Having seen firsthand how to do this very badly - I'm all the more cautious about doing it correctly and maybe that has made me overprotective. I don't know. I want to move these 2 parts of my life together, but I'm wary and anxious about getting it wrong and I'm just looking for advice from those who have gone through this.


----------



## minimalME (Jan 3, 2012)

Slow is good. I think you're being very responsible and reasonable.


----------



## Surfer Joe (Oct 27, 2015)

She'sStillGotIt said:


> You're not ready to date. Period.
> 
> You selfishly want a woman whose happy to put her *own* needs on hold but be available to you when it's convenient for YOU. You're the reason some women avoid single fathers like the plague.
> 
> Just *tell *her you don't have time for a real girlfriend, just a part-time one when you've got free time.


Maybe ask a few more questions about my specific situation before you write me off as selfish and the reason some women avoid single fathers like the plague.

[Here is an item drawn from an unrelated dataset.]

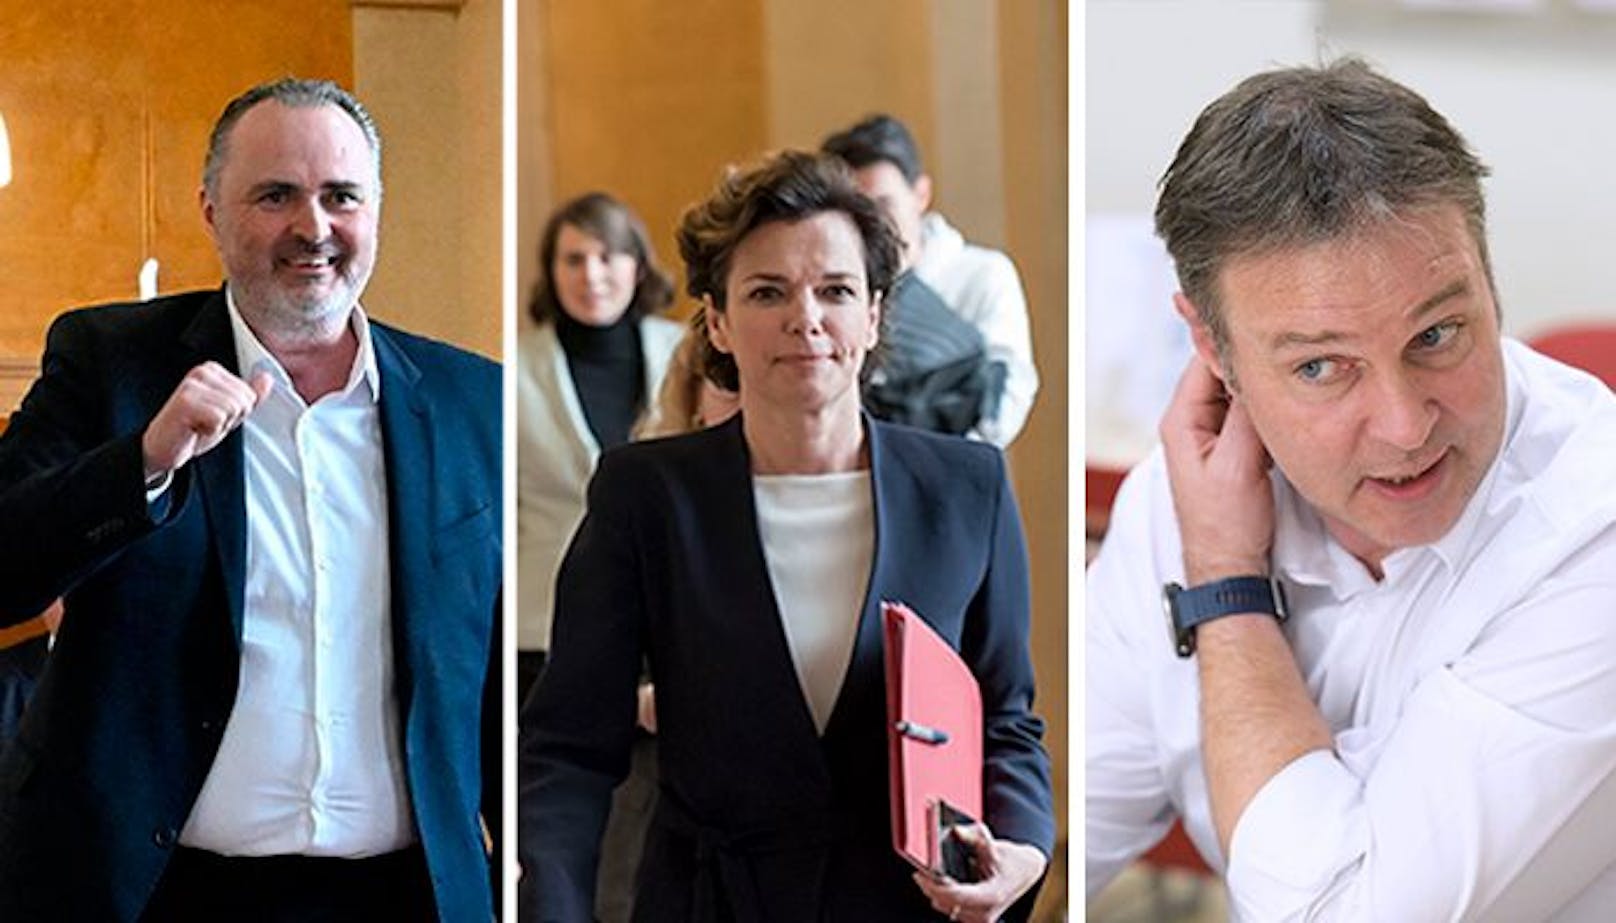 Im Rahmen einer Mitgliederbefragung gingen Hans Peter Doskozil, Pamela Rendi-Wagner und Andreas Babler ins Rennen um den SPÖ-Vorsitz. Babler setzte sich am Ein Sonderparteitag am 3. Juni schließlich durch.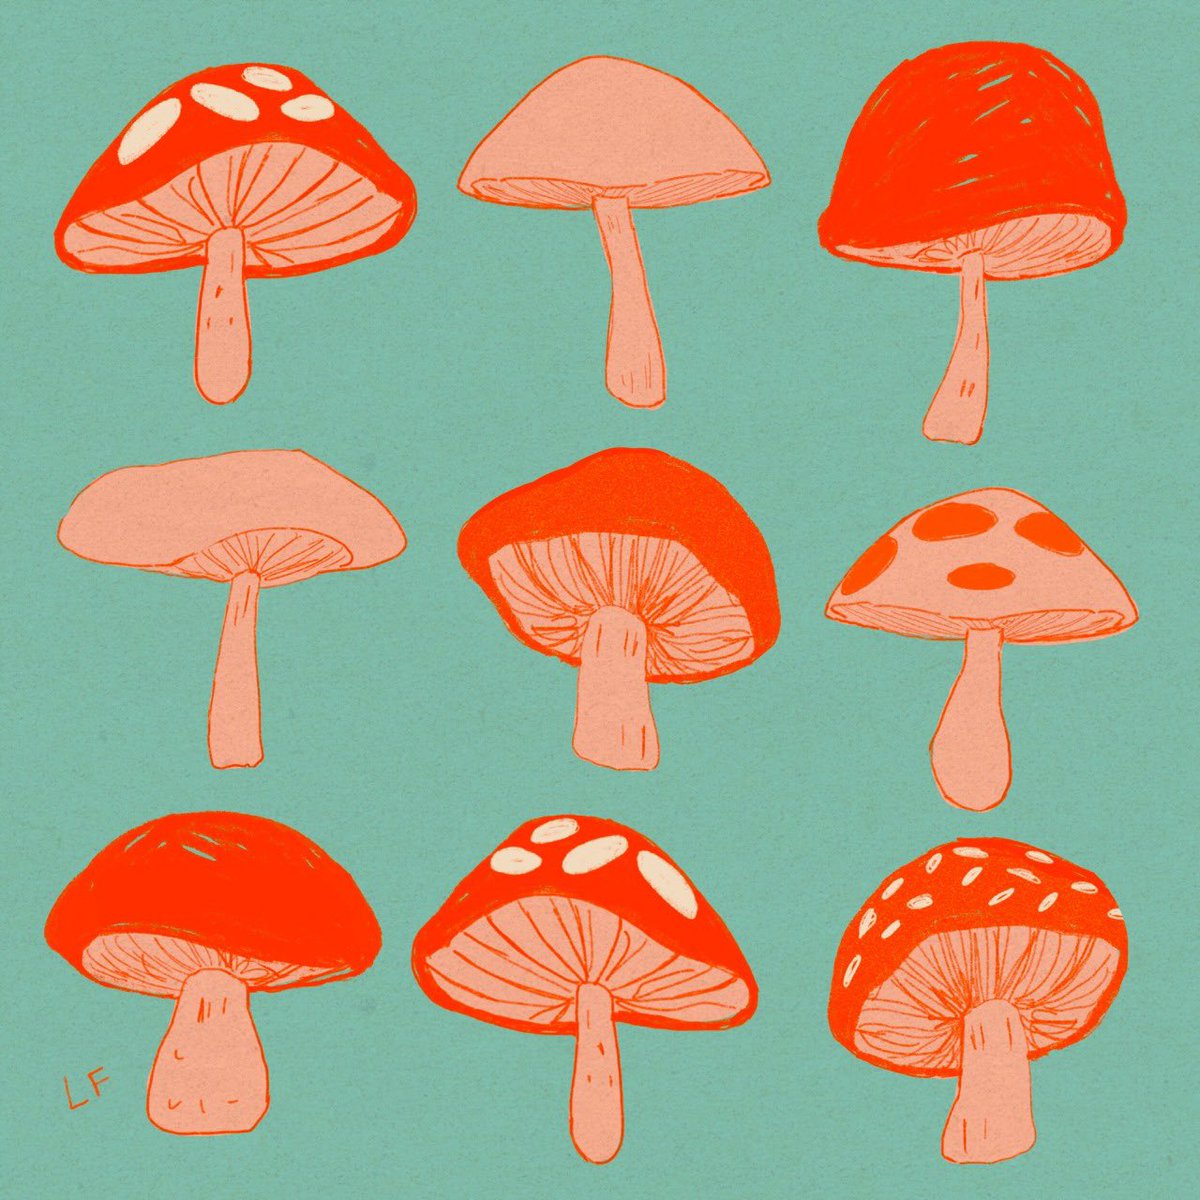 「Mushrooms 🍄 」|Libbyのイラスト

I started this thread looking for advice - and while I can take some judgement along with it - I've never wanted a girlfriend who is happy to put her own needs on hold and to be available only when it is convenient for me. In fact, that is something that would make me walk away.

I apologize if I didn't provide enough backstory or if I muddied the conversation - I sometimes do that - but I'm really looking for advice on how I bring this all together. I want to bring the different parts of my life together. I just want to do it right. I've seen it done very poorly at the expense of my children and that has made me cautious. I've had to pick up far more than my share of their emotional needs (and I've been glad to do it) because of the choices my ex-wife has made. I think it is normal for me to want to be careful.

I care about my girlfriend. I don't want to exclude her from anything - and I honestly have not. She is by far a kinder person...a more thoughtful person than my ex's boyfriend/fiance. She also recognizes the need to be careful about how we bring our lives together. Maybe we haven't discussed that enough in detail.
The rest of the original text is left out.